К столь крайним мерам нас подтолкнуло простое соображение: ведь на полях культуры существует много такого люда, который ни под одну известную науке категорию не подпадает, славы и признания не стяжает, да и ничего гениального, на первый взгляд, не делает. Но эти «полевые исследователи» всегда интересны, оригинальны и начисто выпадают из будничного уклада. А главное — они тестируют культуру на ее способность к изменениям, к диалогу, к умению осваивать новые территории. Ибо человек «края» само свое существование превращает в сплошное художественное произведение, в непрекращающийся спектакль, жить без которого было бы намного скучнее.

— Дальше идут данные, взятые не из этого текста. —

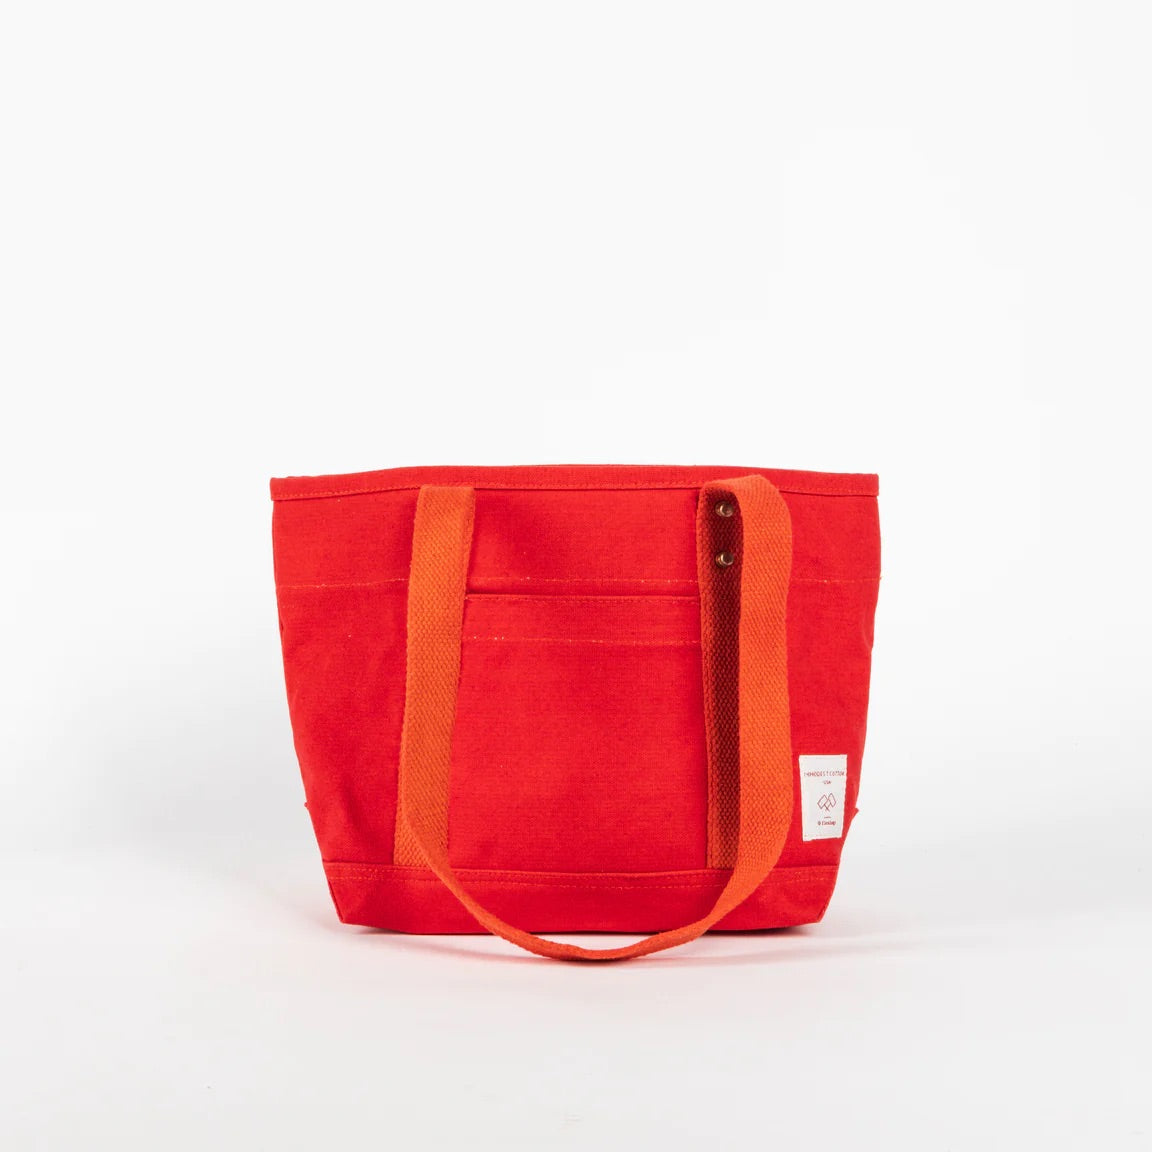 Lunch Tote- Persimmon

Вот без одного из таких людей весну в Киеве вообразить нельзя. Как только все начинает зеленеть и хорошеть, а изголодавшиеся по теплу горожане высыпают на улицу, где-нибудь на пестром Андреевском спуске появляется он — в невообразимом наряде, с длинным шлейфом, грохотом пустых жестянок и криками: «Фриппулья! Фриппулья!» Иногда он сооружает — прямо посреди Андреевского — чудаковатые «звездолеты» из подручных стекляшек и деревяшек. Без него не обходится ни одна авангардная акция в городе — будь то выставка, концерт, спектакль или даже научный семинар. Фриппулья появляется там, обряженный в своей невообразимой манере, и выглядит при этом органично — часто даже более авангардно, чем все вокруг.
Честно сказать, мысль о том, чтобы его проинтервьюировать, до недавнего времени не возникала. Как же? Ведь Фриппулья — это стихия, это часть городской природы, нечто наподобие майского цветения каштанов, а не человек из плоти и крови.
Тем не менее — он есть, носит имя Федор Тетянич, живет в загородном доме, превращенном в музей полевого искусства, а вблизи страшно похож на длиннобородого колдуна из детских сказок. Ну и говорит, конечно, такие вещи — почище любых заклинаний.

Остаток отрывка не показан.